I have to say, this caused me a fair bit of thought.
Firstly, I just want to confirm that you agree a universe as we know it has complexity of the order of its size. I agree that an equivalently “large” universe with low complexity could be imagined, but its laws would have to be quite different to ours. Such a universe, while large, would be locked in symmetry to preserve its low complexity.
Just an aside on randomness, you might consider a relatively small program generating even this universe, by simply simulating the laws of physics, which include a lot of random events quite possibly including even the Big Bang itself. However I would argue that the definition of complexity does not allow for random calculations. To make such calculations, a pseudo random input is required, the length of which is added to the complexity. AIXI would certainly not be able to function otherwise.
The mugger requires more than just a sufficiently large universe. They require a universe which can simulate 3^^^^3 people. A low complexity universe might be able to be large by some measures, but because it is locked in a low complexity symmetry, it cannot be used simulate 3^^^^3 unique people. For example the memory required (remember I mean the memory within the mugger’s universe itself, not the memory used by the hypothetical program used to evaluate that universe’s complexity) would need to be of the order of 3^^^^3, however while the universe may have 3^^^^3 particles if those particles are locked in a low-complexity symmetry then they cannot possibly hold 3^^^^3 bits of data.

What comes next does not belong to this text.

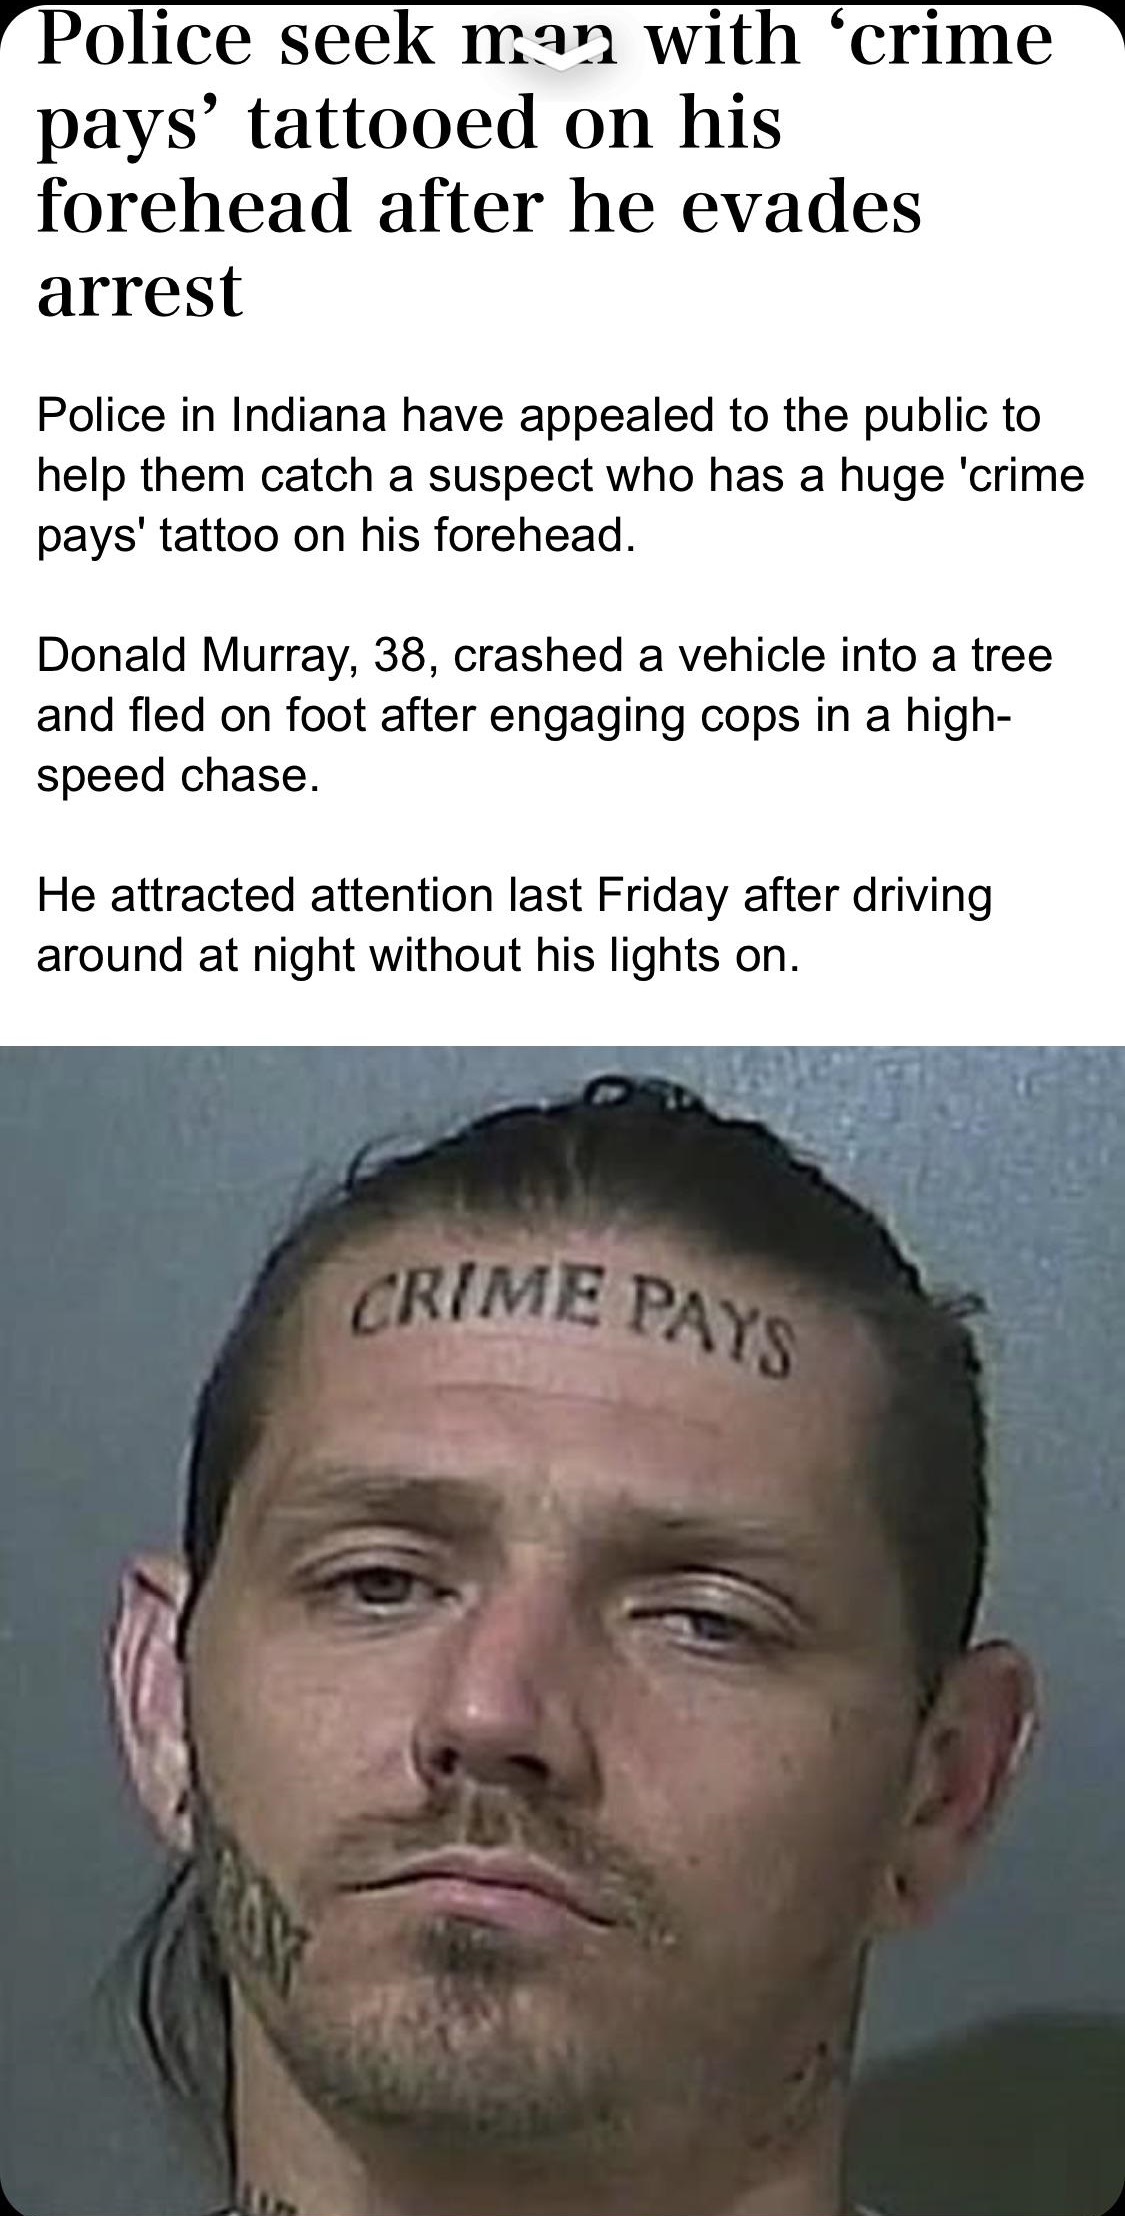 jaw - Police seek man with 'crime pays' tattooed on his forehead after he evades arrest Police in Indiana have appealed to the public to help them catch a suspect who has a huge 'crime pays' tattoo on his forehead. Donald Murray, 38, crashed a vehicle int

In short, a machine of complexity of 3^^^^3 is fundamentally required to simulate 3^^^^3 different people. My error was to argue about the complexity of the mugger’s universe, when what matters is the complexity of the mugger’s computing resources.
I already explained why this is incorrect, and you responded by defending your separate point about action guidance while appearing to believe that you had made a rebuttal.
No, all of your arguments relate to random sensory inputs, which are alternative theories ‘C’ not the ‘A’ or ‘B’ that I referred to. To formalise:
I claim there exists theories A and B along with evidence E, such that:
p(B) > 3^^^^3p(A)
p(A|E) > p(B|E)
complexity(E) << 3^^^^3 (or more to the point it’s within our sensory bandwidth.
You have only demonstrated that there exists theory C (random input) such that C != B for any B satisfying the above, which I also tentatively agree with.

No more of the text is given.